WHAT YOU SHOULD DO: Reproduce word for word the line holding "ndrika Gerarda MriaHendrika" and all lines after it in the data, through the end, leaving out pictures.

THE DATA:
BEGIN

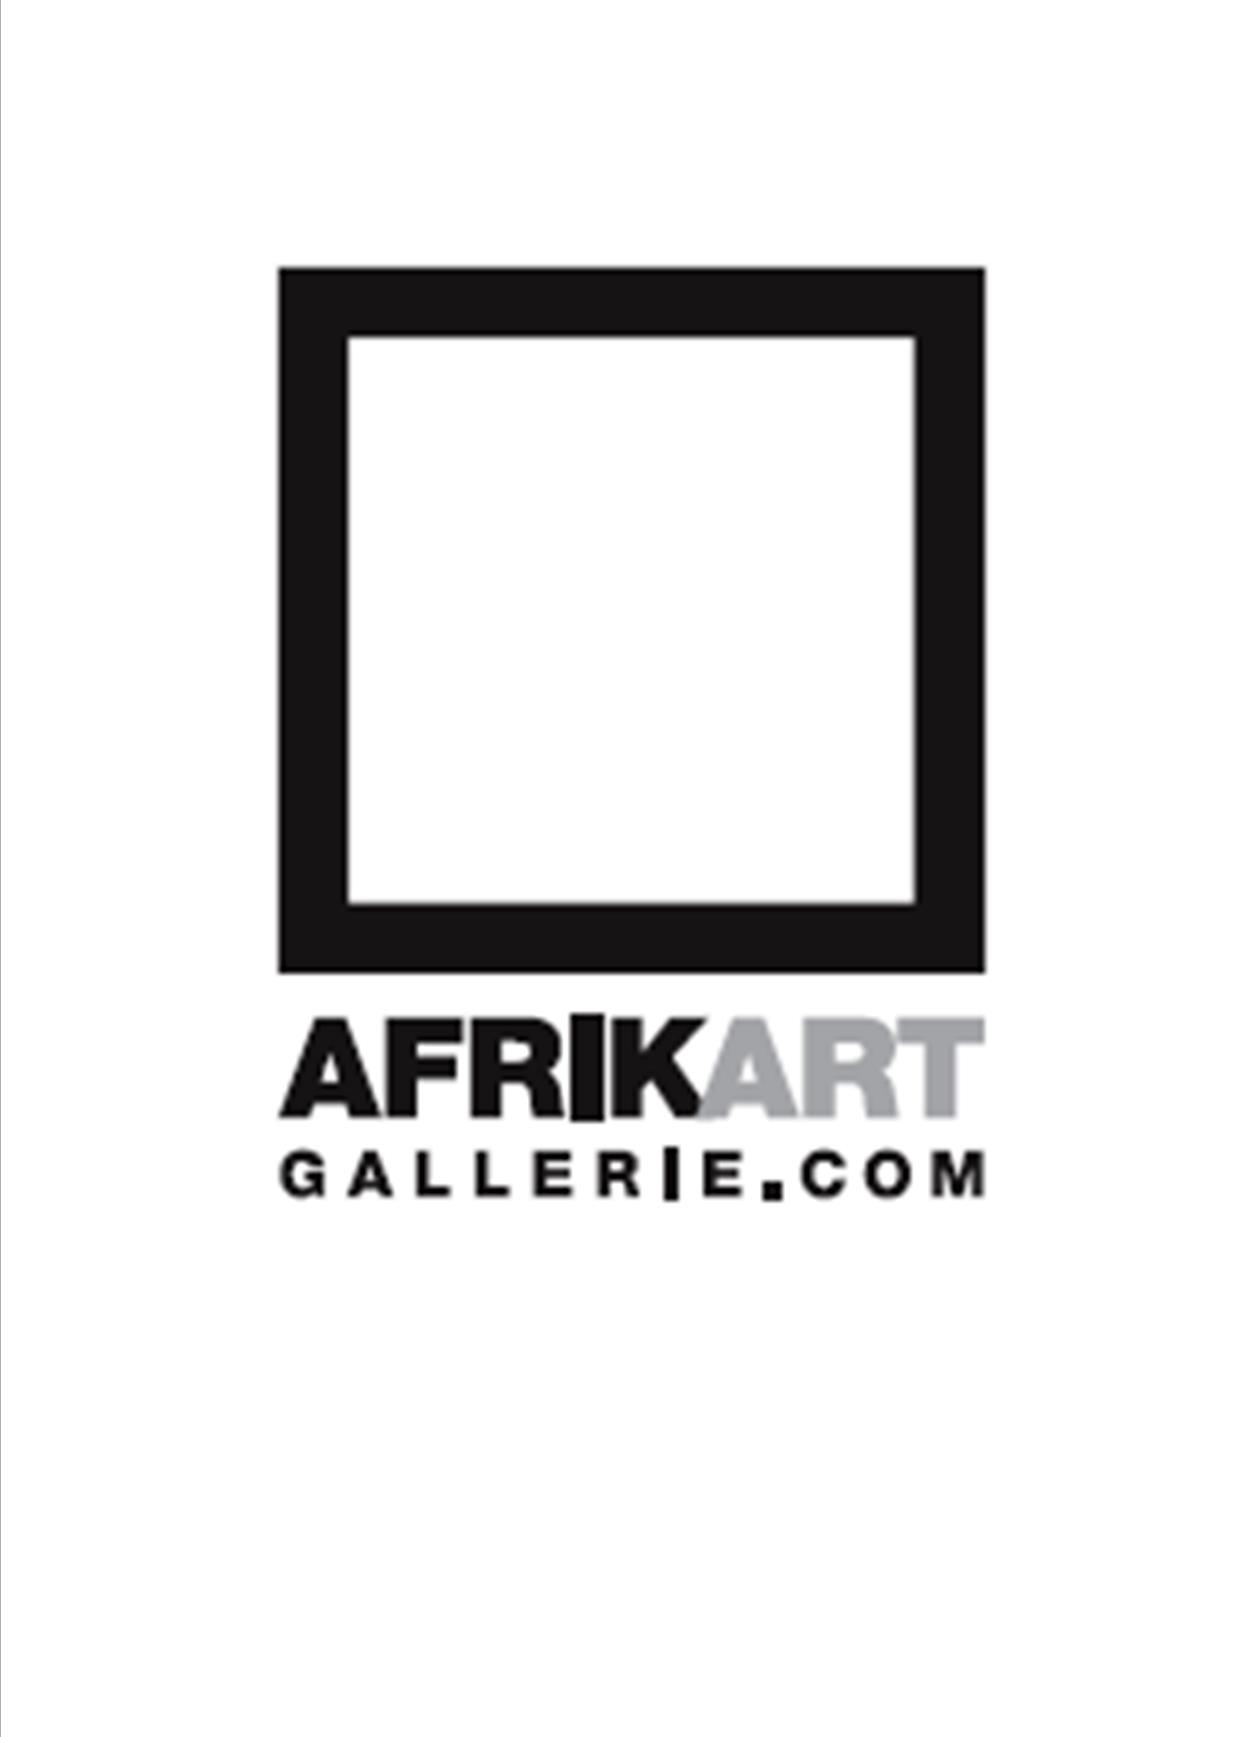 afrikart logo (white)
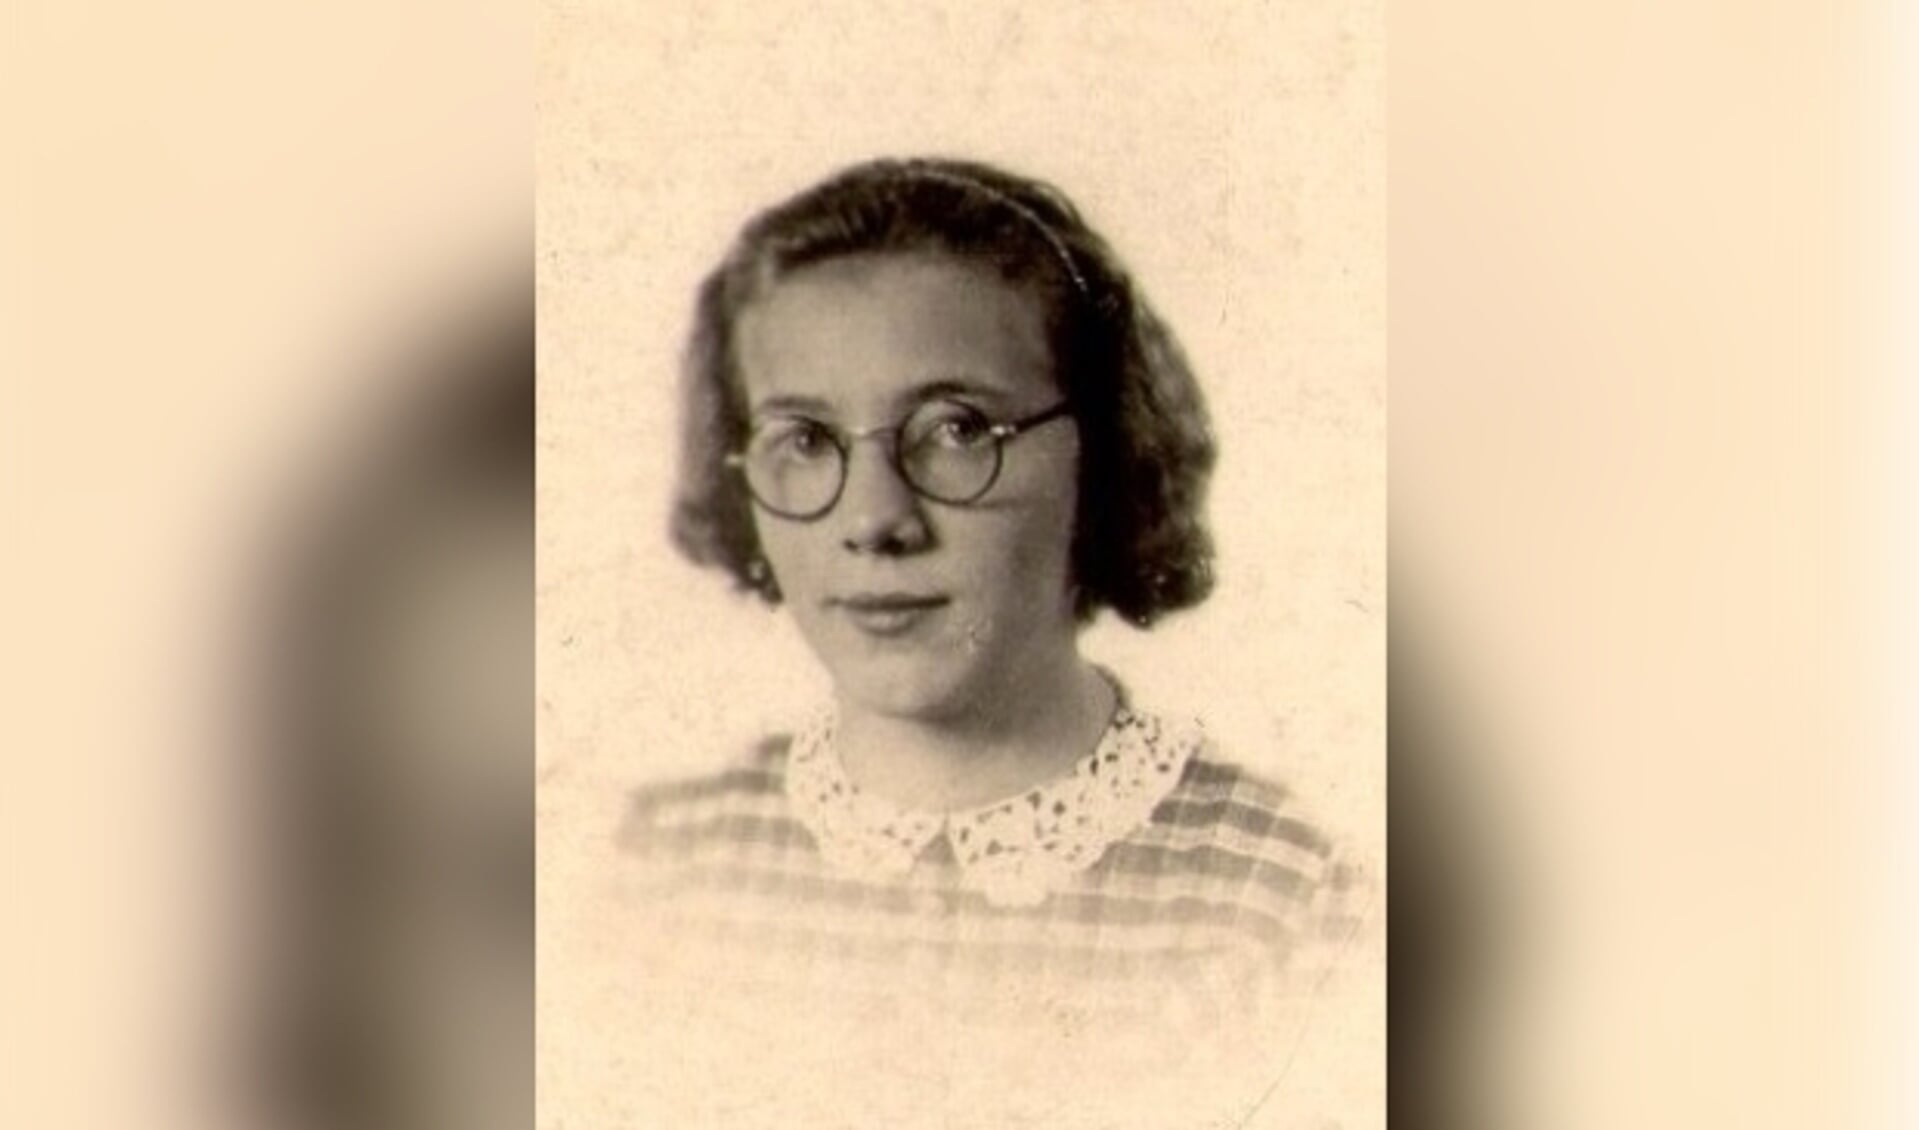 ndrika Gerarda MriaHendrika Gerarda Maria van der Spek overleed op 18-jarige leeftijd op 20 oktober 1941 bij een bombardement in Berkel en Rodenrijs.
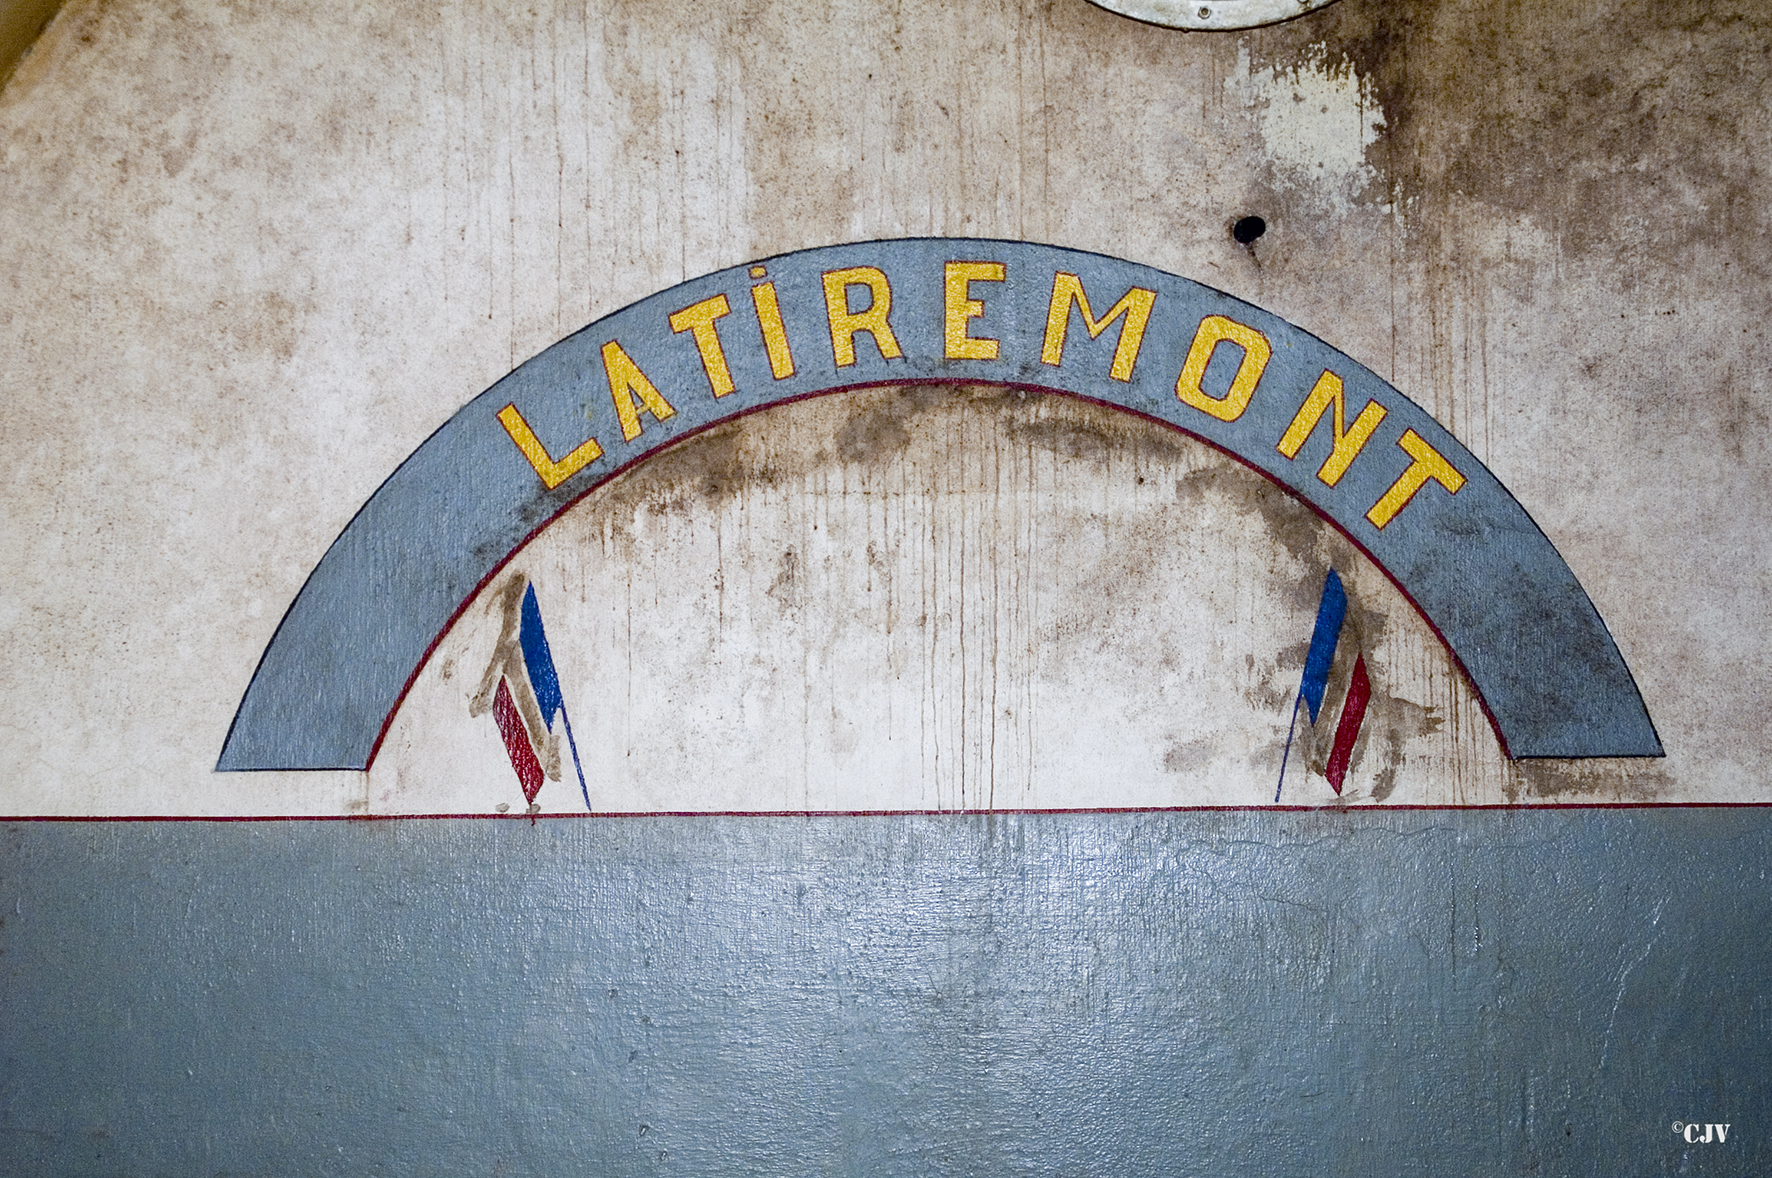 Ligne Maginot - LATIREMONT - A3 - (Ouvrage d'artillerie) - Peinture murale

END

REPLY:
 ndrika Gerarda MriaHendrika Gerarda Maria van der Spek overleed op 18-jarige leeftijd op 20 oktober 1941 bij een bombardement in Berkel en Rodenrijs.
 Ligne Maginot - LATIREMONT - A3 - (Ouvrage d'artillerie) - Peinture murale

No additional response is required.